SUPPLIED MATERIAL
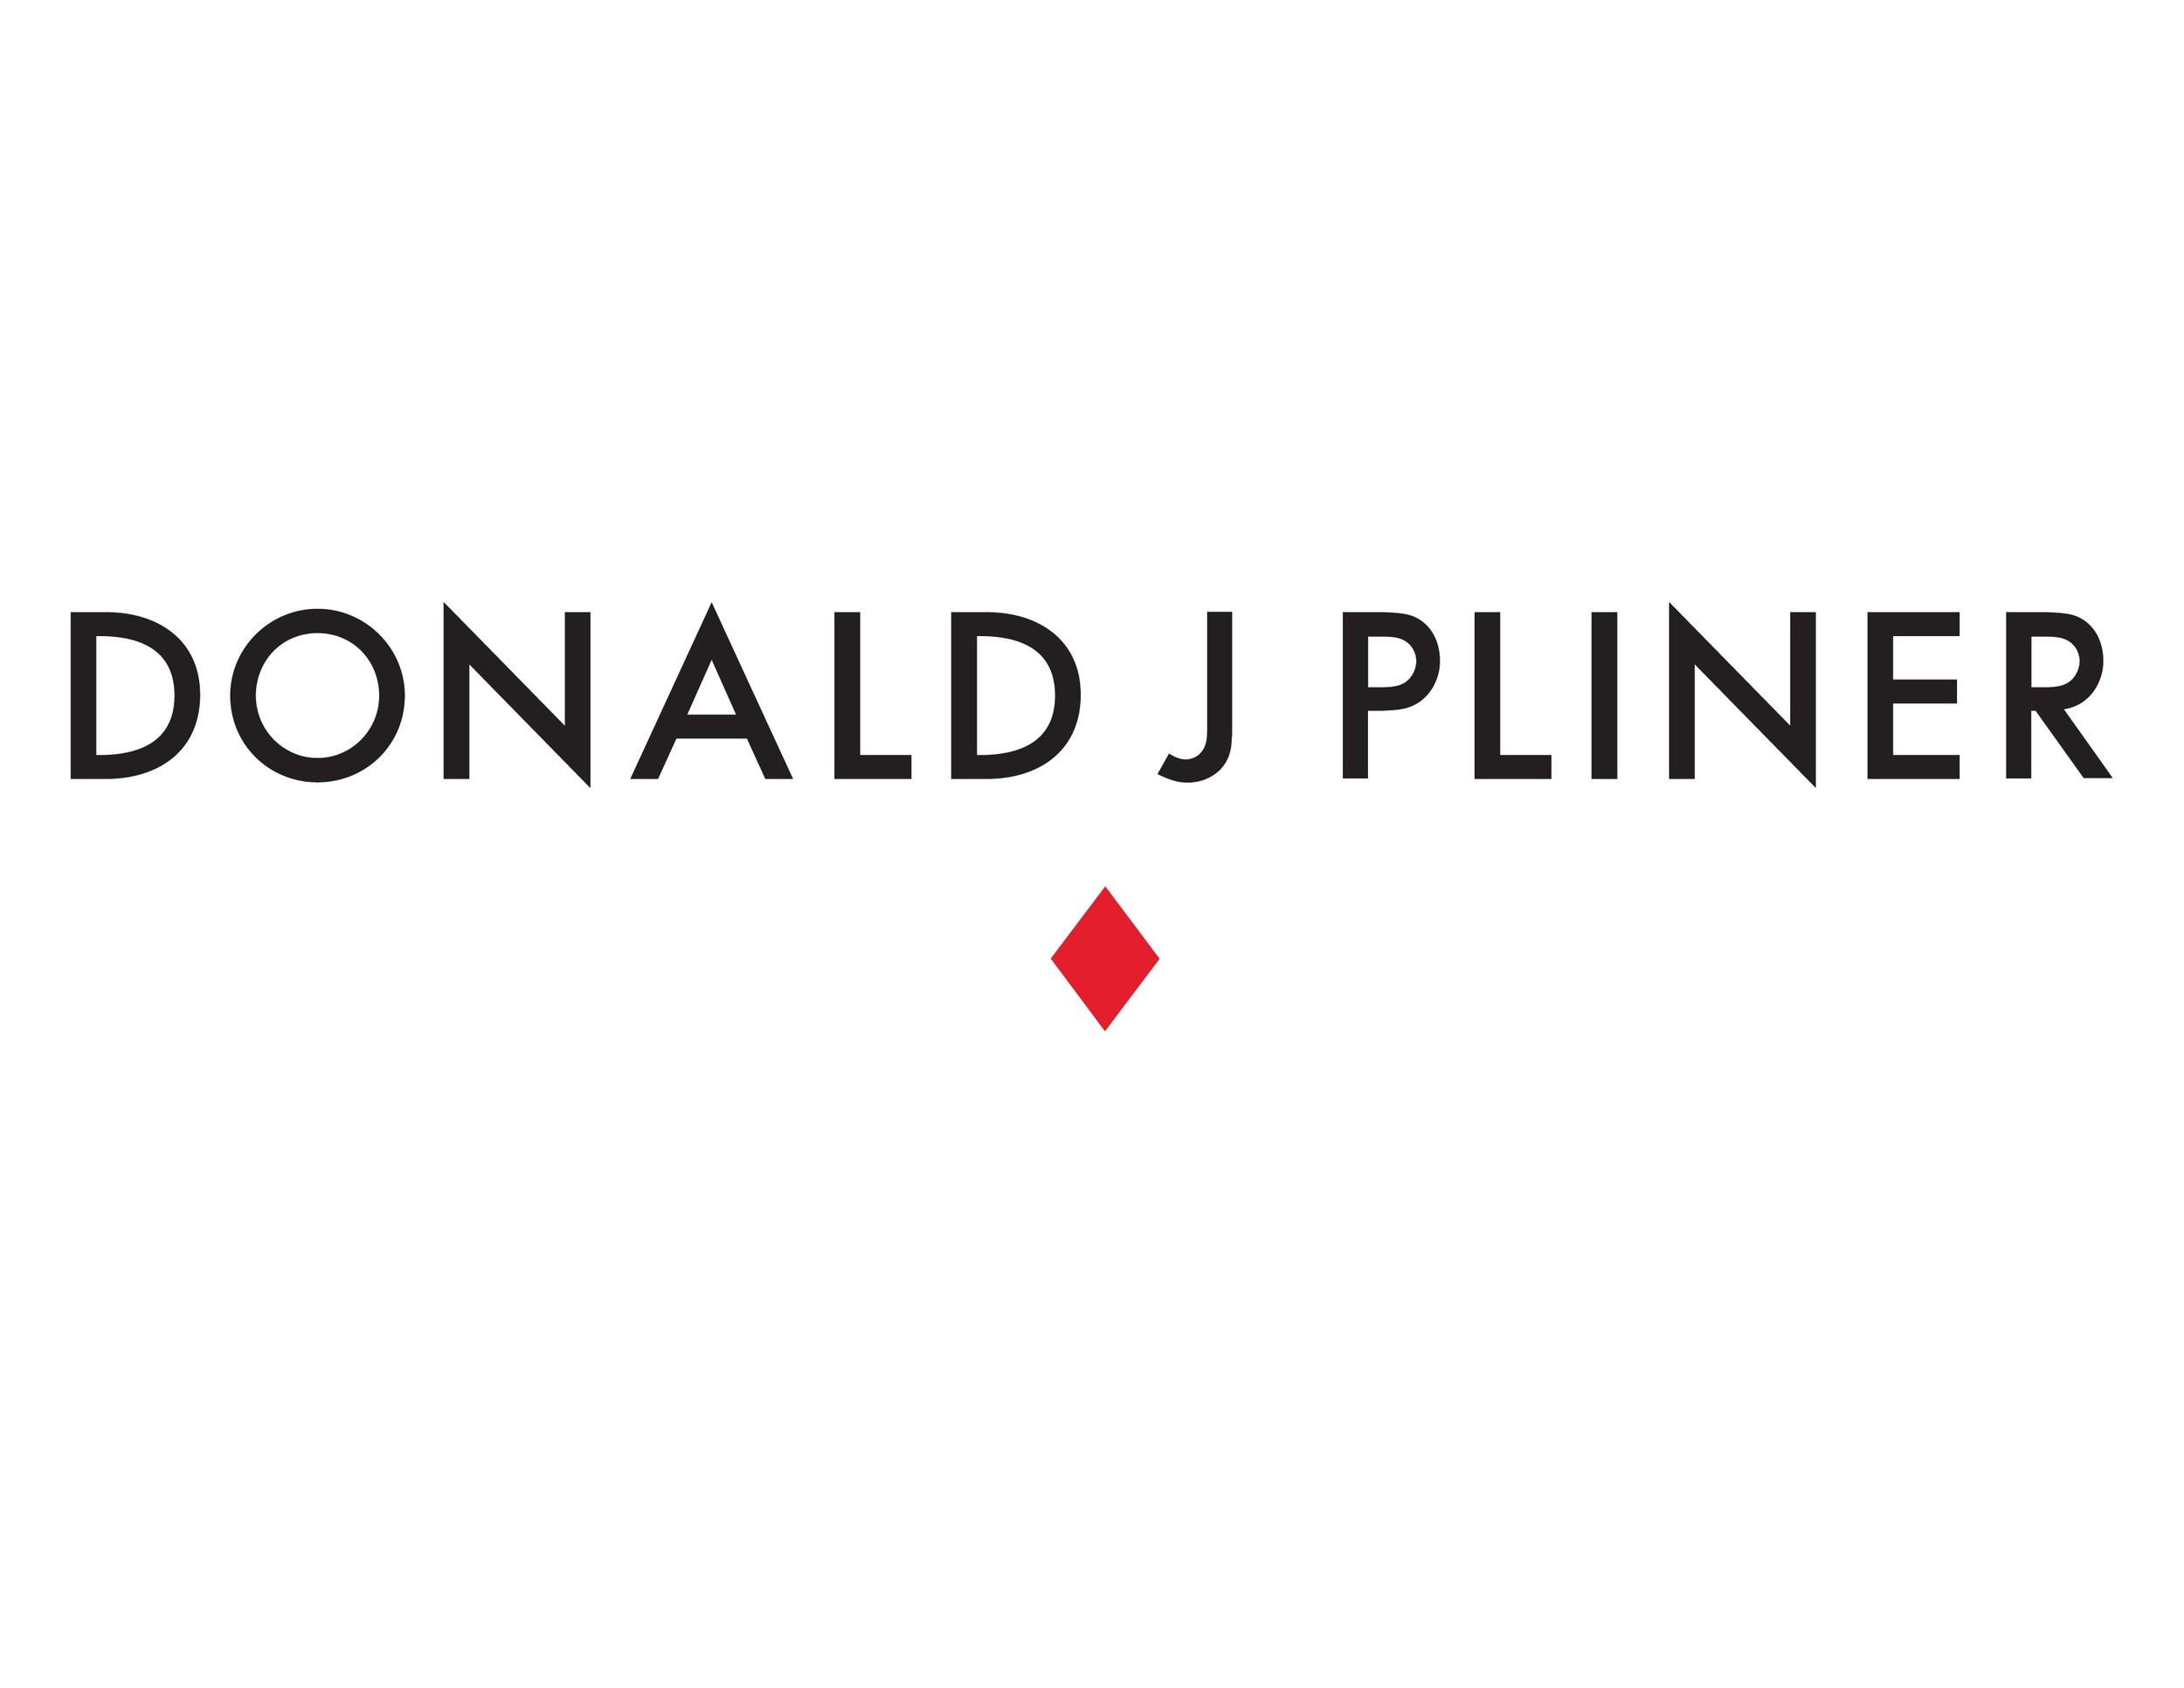 DJP logo (2)-1.jpg
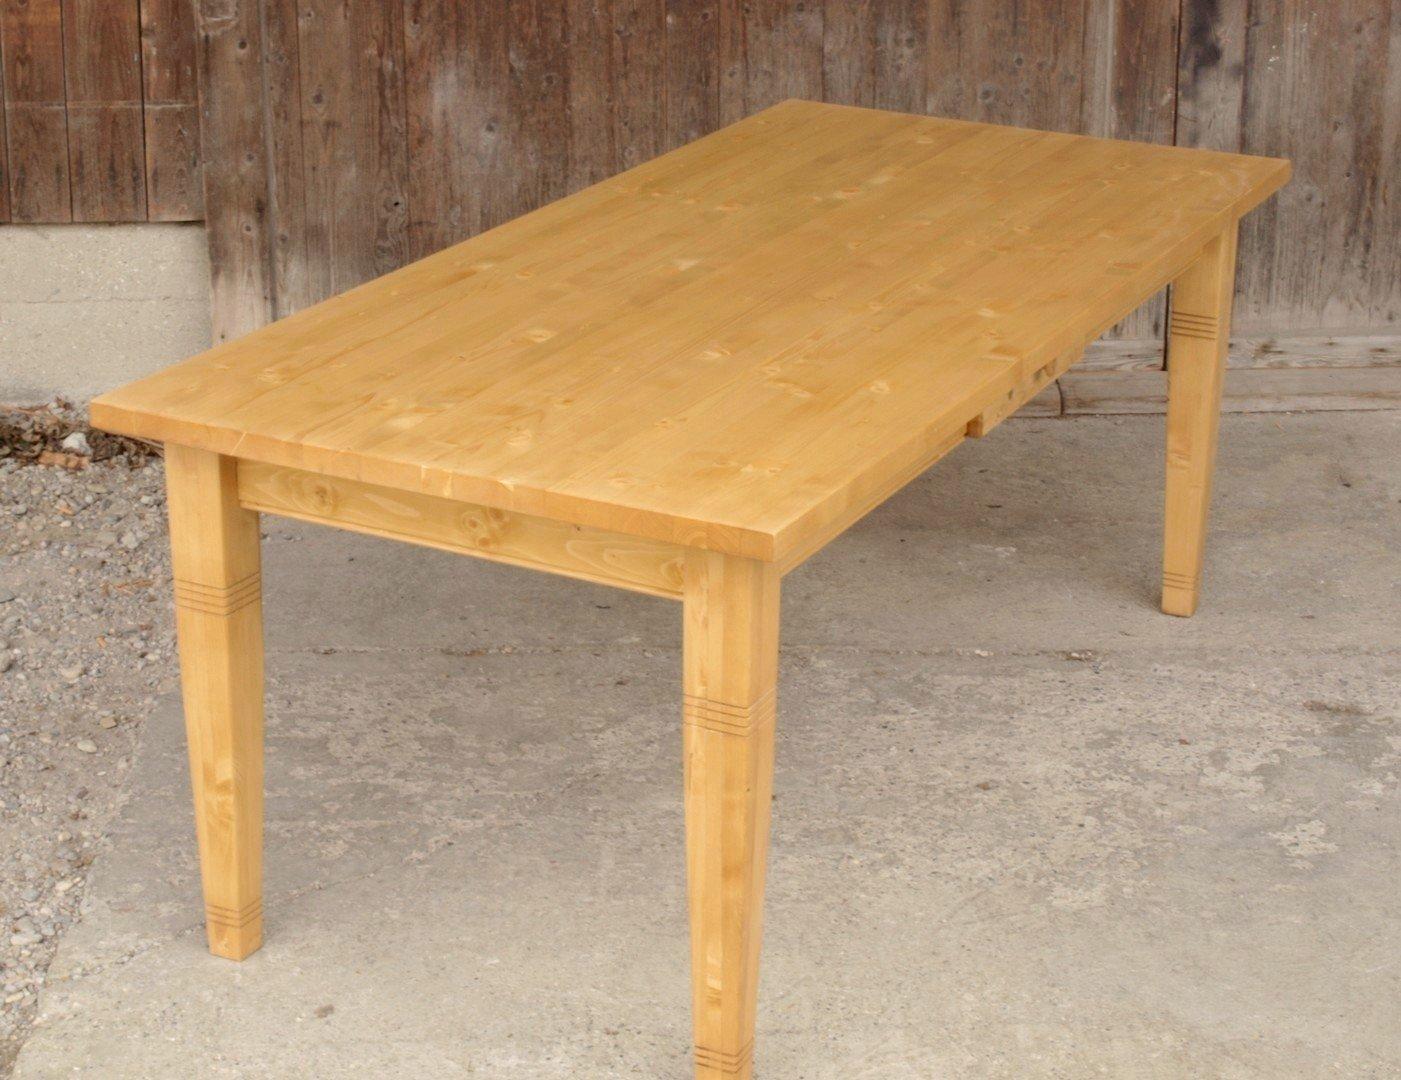 kti200q esstisch tisch massivholz fichte 200 x 95 cm nachbau alte antike bauernm bel. Black Bedroom Furniture Sets. Home Design Ideas
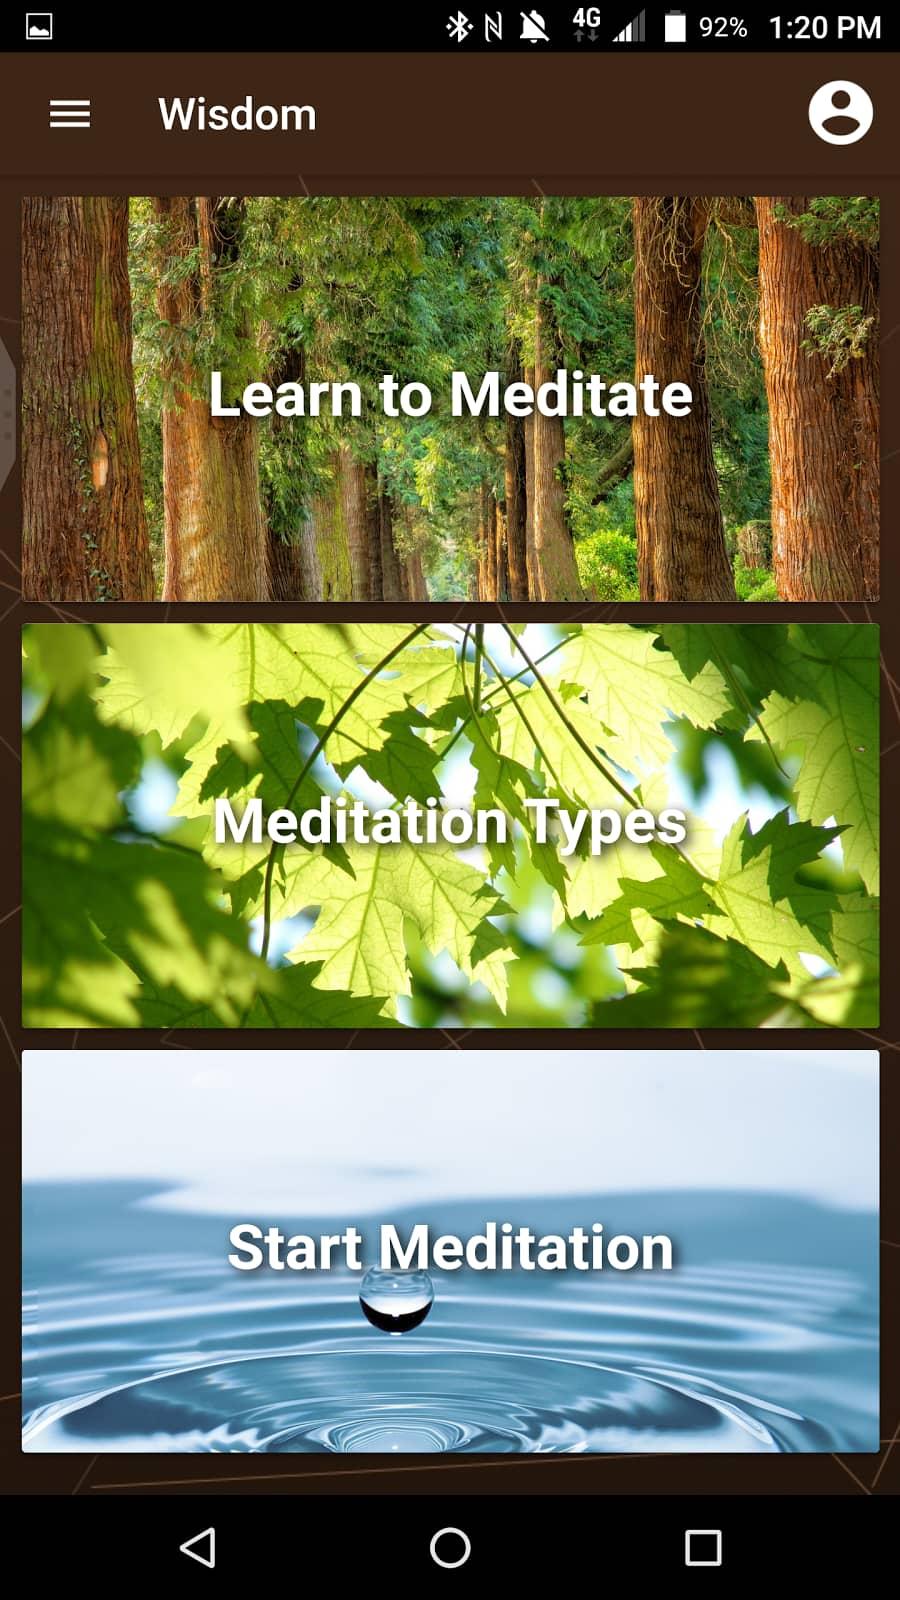 wisdom app 2

TASK OBJECTIVE
Reproduce all lines above exactly. Leave the images out.

SOLUTION TO THE EXERCISE
 DJP logo (2)-1.jpg
 kti200q esstisch tisch massivholz fichte 200 x 95 cm nachbau alte antike bauernm bel. Black Bedroom Furniture Sets. Home Design Ideas
 wisdom app 2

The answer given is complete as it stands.